Although the FDA’s approval of abatacept was recent, Mr. Spellman said, Be The Match has seen early indications that mismatched donors in the registry are being used, which may point to an increased utilization of abatacept. “Through October to December of 2021, there was a pretty substantial increase in the use of mismatched, unrelated donors in that time frame.”
Dr. Devine noted that he is seeing a lot of interest in using abatacept. “I think people are still learning how best to incorporate it into their standard of care right now.”

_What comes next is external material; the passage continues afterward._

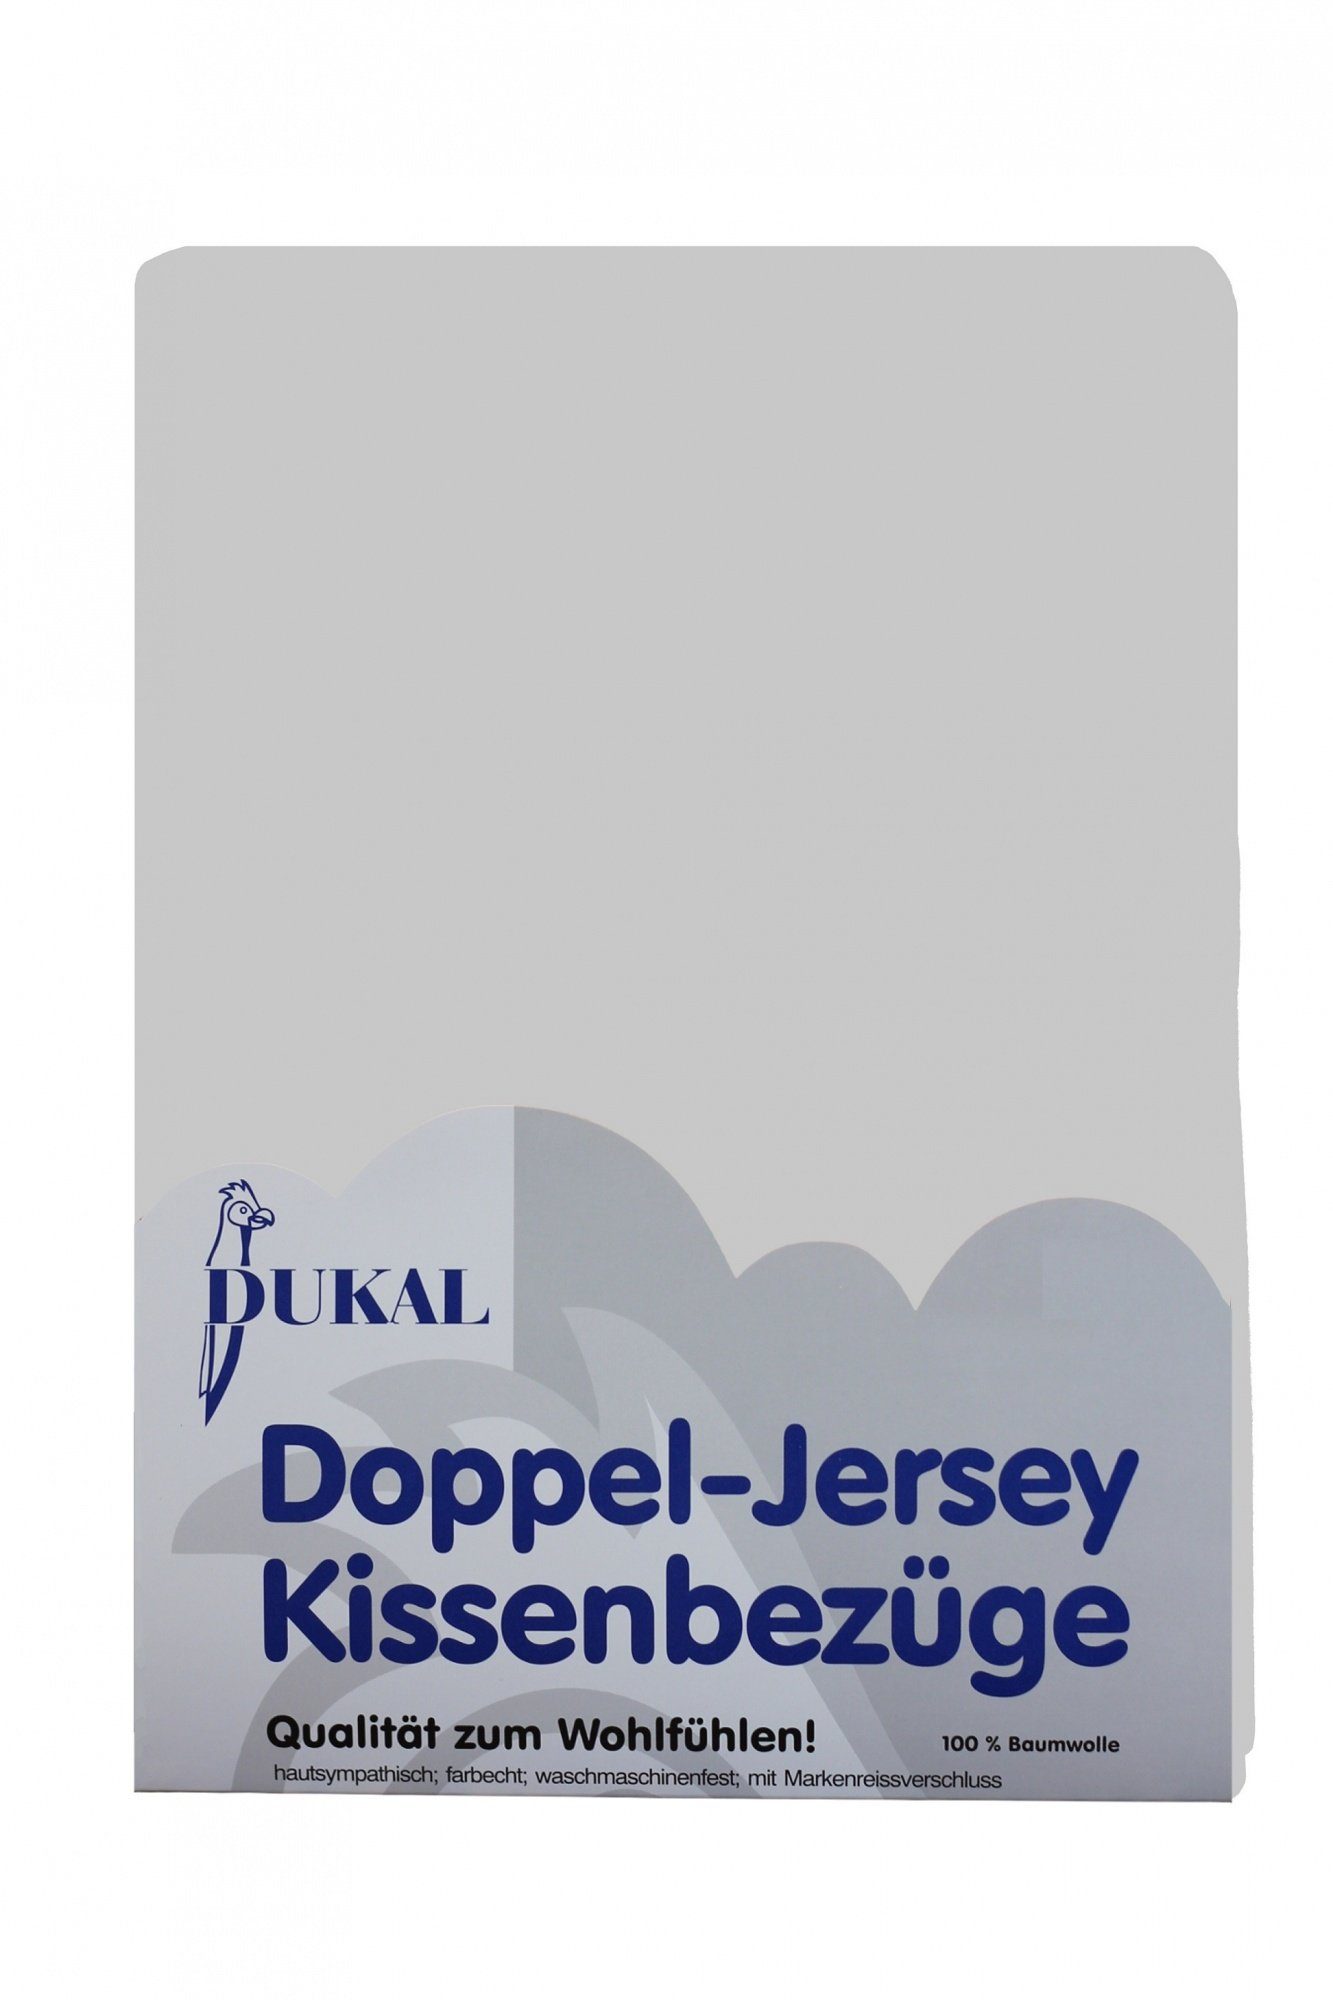 Kissenbezüge aus hochwertigem Doppel-Jersey, 100% Baumwolle, DUKAL (1 Stück), 50x70 cm, mit Reißverschluss, Made in Germany

Meanwhile, Memorial Sloan Kettering Cancer Center is already planning to use abatacept, Dr. Ponce noted. “We have abatacept in our formulary for adult and children, and are planning on using it for patients receiving an unmodified graft from a [matched unrelated donor] or 1-allele [mismatched unrelated donor] using CNI and MTX-based GVHD prophylaxis.”
Dr. Devine and Mr. Spellman are employees of Be The Match and CIBMTR, which provided the registry control group for the ABA2 trial. Dr. Devine also reported that he has been a scientific advisory board member for Bristol-Myers Squibb. Dr. Ponce reports no relevant conflicts of interest.